ERBB2/HER2 Mutations Might Be ‘Targetable Drivers’ in Some Lung Cancers

ERBB2/HER2 mutations appear to be rare but targetable oncogenic drivers in non-small cell lung cancer (NSCLC), according to findings from a small retrospective cohort records analysis published in the Journal of Thoracic Oncology.

“Four of the nine patients had response to targeted therapies, with durations of response ranging from three to 10 months,” noted lead study author Jody C. Chuang, MD, PhD, of the Stanford Hospital & Clinics in Stanford, Calif., and colleagues. “We also explored potential resistance mechanisms upon progression on targeted therapies in a subset of patients, and identified a de novo PIK3CA mutation and ERBB2 copy-number gain as potential resistance mechanisms.”
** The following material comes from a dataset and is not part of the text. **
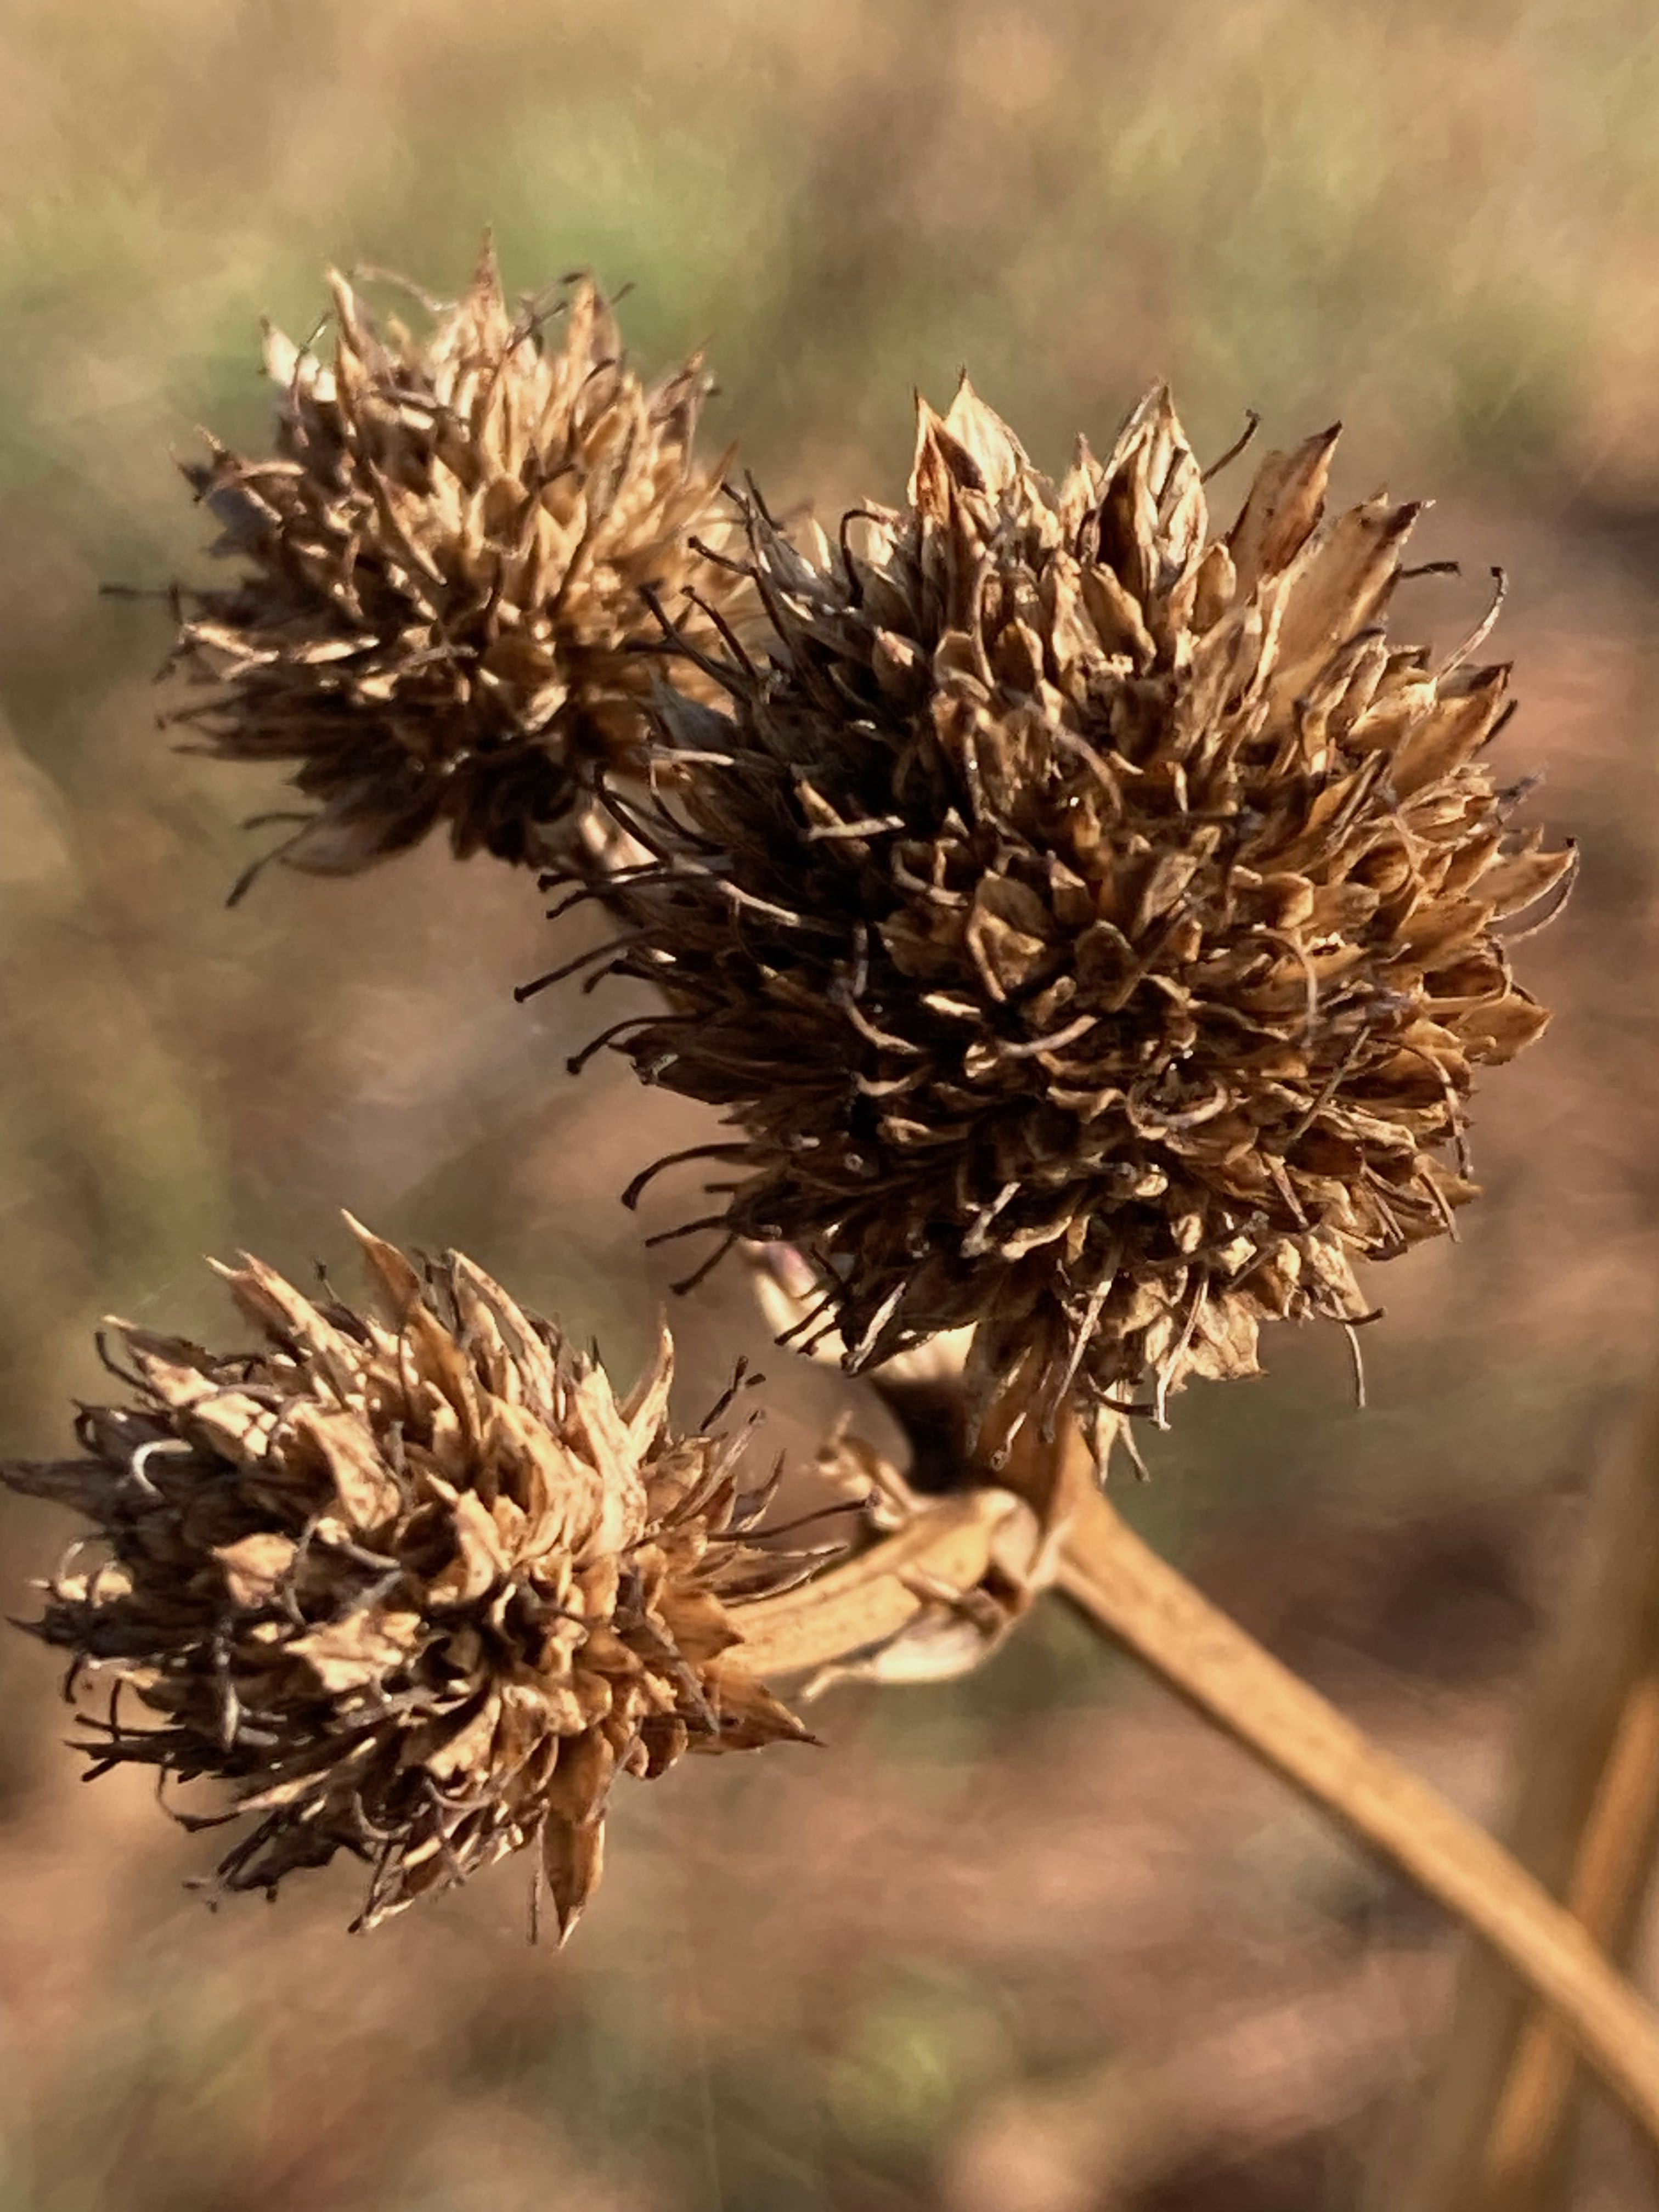 The Scientific Name is Eryngium yuccifolium. You will likely hear them called Rattlesnake-master, Button Eryngo. This picture shows the End of the season flowering stalk with dried umbels. of Eryngium yuccifolium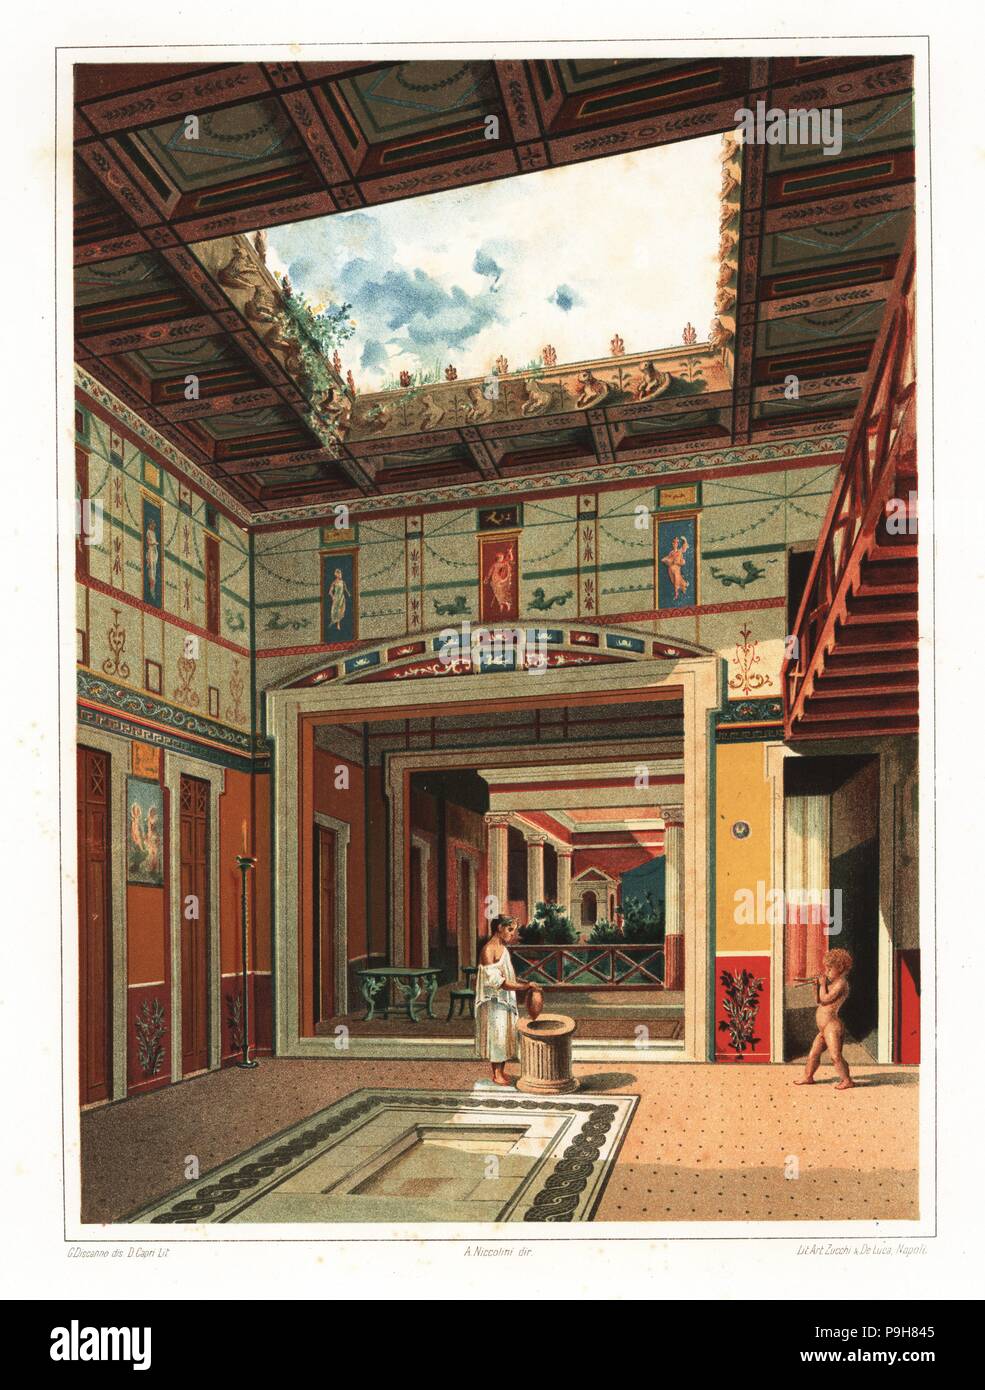 House of the Tragic Poet, Pompeii VI.8.5. Slave boy filling an amphora at the well near the impluvium pool in the tablinum. In the background, the peristyle garden courtyard and aedicula lararium shrine. Chromolithograph by D. Capri after an illustration by G. Discanno from Antonio Niccolini’s Pompeii: Views and Restorations (Pompeii: Essaies et Restaurations), published by Zucchi & De Luca, Naples, 1898. Antonio was grandson of the architect Antonio Niccolini Sr. Stock Photo

The receptor tyrosine protein kinase ERBB2/HER2 (HER2/neu) is a tumor driver and amplification of ERBB2 is associated with tumor sensitivity to ERBB2-directed agents in some breast and gastroesophageal tumors. Acquired ERBB2 tumor mutations occur in a small number-perhaps 2%-of people diagnosed with NSCLC, the authors noted.

The researchers identified nine patients with metastatic NSCLC whose tumors harbored ERBB2 exon 20 insertion mutations that had undergone treatment with ERBB2/HER2-targeted agents such as trastuzumab, ado-trastuzumab, or afatinib. Seven of the patients were treated at Stanford University in California and two others were treated at the Sun-Yat-sen University Cancer Center in China. Responses were assessed using RECIST v1.1 criteria.

Four female patients experienced responses to ERBB2-targeted therapies, for a response rate of 44%. These patients had been administered trastuzumab plus chemotherapy; two of them had received also afatinib.

Five patients, three of whom were male, did not experience responses.

Patients with ERBB2 mutations “tend to be younger with little or no smoking history,” the authors noted. One patient had a novel PIK3CA mutation (R425L) that might have conveyed trastuzumab resistance.

Tolerability was a “challenge” for the patients, including dose-limiting afatinib toxicities (diarrhea and mucositis).

Additional research is needed and although one of the patients failed to respond to nivolumab, immunotherapies are nevertheless also “worth considering” for ERBB2 mutation-harboring NSCLC, the authors believe.

Coauthors disclosed payments from ACEA, Celgene, Clovis, Gilead, Nektar, Peregrine, Pfizer, and Roche.